Findings and Updates

Asia-Pacific 3MT

The Three Minute Thesis (3MT) competition celebrates the exciting research conducted by Doctor of Philosophy students. Developed by The University of Queensland, 3MT cultivates students’ academic, presentation, and research communication skills.
The competition supports their capacity to effectively explain their research in three minutes, in a language appropriate to a non-specialist audience.
This year, representatives from 57 universities from across Australia, New Zealand, Japan, Hong Kong, Malaysia and Singapore will compete for the title of the 2022 Virtual Asia-Pacific 3MT Winner.
Dr Siobhan has successfully made it to the Asia-Pacific Semi-finals of this competition after winning Flinders University finals. To view her presentation, please follow the link below:
Dr Siobhan's 3MT Presentation
To vote for the People's Choice award, please follow the link below:
Vote for People's Choice
To watch the whole Showcase, please follow the link below:
Asia-Pacific 3MT Semi-finals Showcase

Plastic Surgery Congress

Dr Siobhan attended the Plastic Surgery Congress (PSC) 2022 on the Gold Coast in June. She presented the first study of her PhD research on post-partum rectus diastasis - the Interview Study. The presentation was well received and the audio clips of real women who were interviewed left a lasting impact on the audience members.
Dr Siobhan's PhD supervisor, Associate Professor Nicola Dean was also inducted as the first female President of the Australian Society of Plastic Surgeons. A. Prof Dean is an incredible advocate for women living with post-partum rectus diastasis, having led the MSAC application that resulted in the Medicare item number for abdominoplasty being reinstated, and driving this PhD that will form the definitive evidence for it.

Interview Study Presentation

The results of the Interview Study were presented at the Plastic Surgery Congress 2022 on the Gold Coast, Australia in June. Follow the link to watch a recording of the presentation.

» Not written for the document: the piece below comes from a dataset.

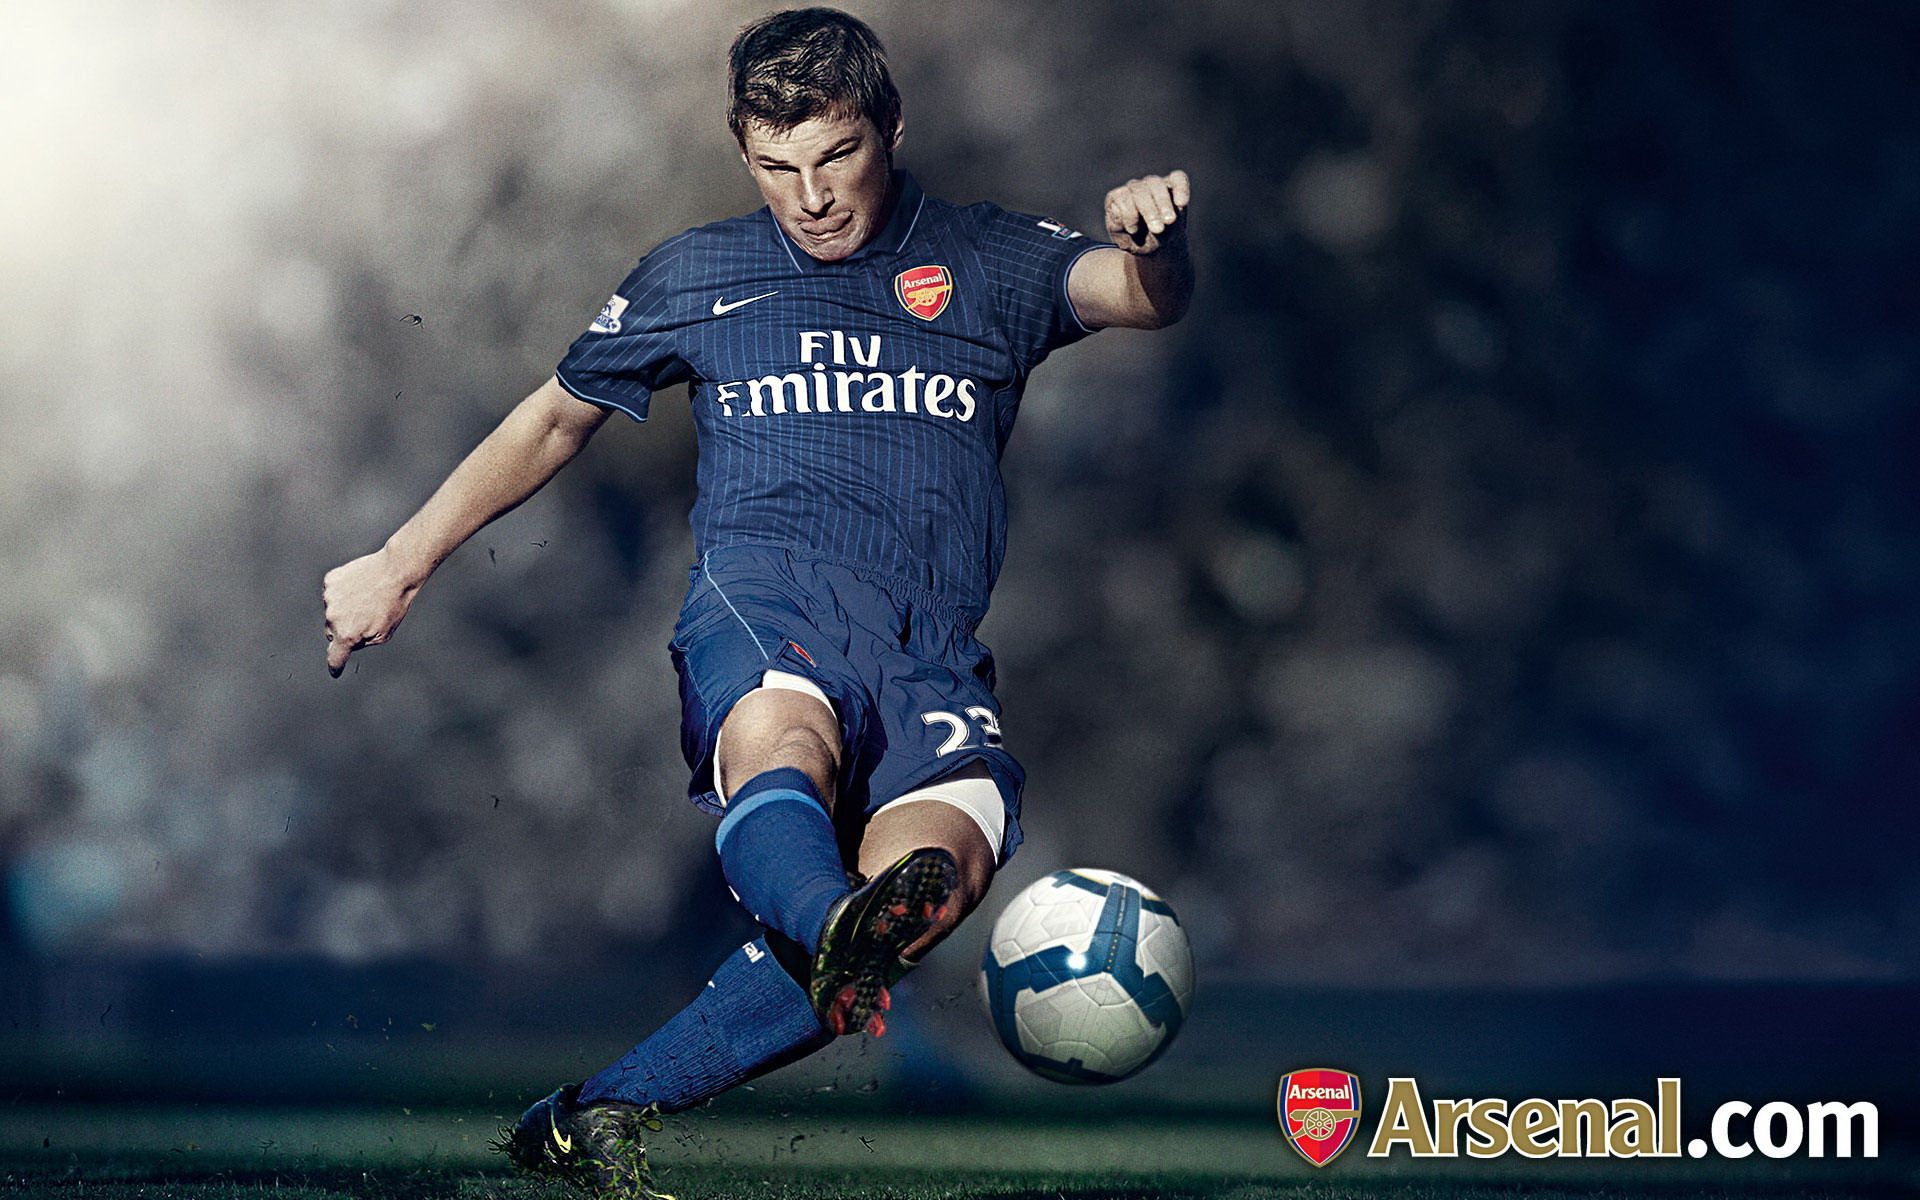 soccer, Arsenal Wallpaper

RACS Annual Scientific Congress

Dr Siobhan attended the RACS ASC in Brisbane 2022. She presented her research on the safety of omitting radiotherapy in the treatment of surgically excised DCIS (breast cancer) and submitted a poster-presentation on "The History of Abdominoplasty". Dr Siobhan was able to reconnect with surgical colleagues in person for the first time since pre-COVID, and was able to network with senior surgeons and mentor medical students interested in surgery. The Women in Surgery breakfast was a particular highlight. To view her poster presentation please click here: 
Dr Siobhan's

Measuring RD

Rectus diastasis or abdominal separation can sometimes occur after pregnancy. There are many different ways to measure rectus diastasis (RD), or the distance between the rectus muscles.
Some doctors and physiotherapists may use the finger palpation method, callipers, ultrasound or CT imaging – or a combination of these.
There is no official guideline to measuring RD, nor is there a specific cut off value. Unfortunately, these methods are not equal when it comes to accuracy. When you think about it – one person’s fingers are probably not going to be equal to another person’s fingers, especially when comparing male and female practitioners!
If the practitioner is just trying to say that there is a muscle separation, then fingers would be fine, but if we need a more accurate measurement… ultrasound holds the lead as the gold standard for accuracy and reproducibility(1).

1. Mota P, Pascoal AG, Sancho F, Carita AI, Bo K. Reliability of the inter-rectus distance measured by palpation. Comparison of palpation and ultrasound measurements. Man Ther. 2013;18(4):294-8.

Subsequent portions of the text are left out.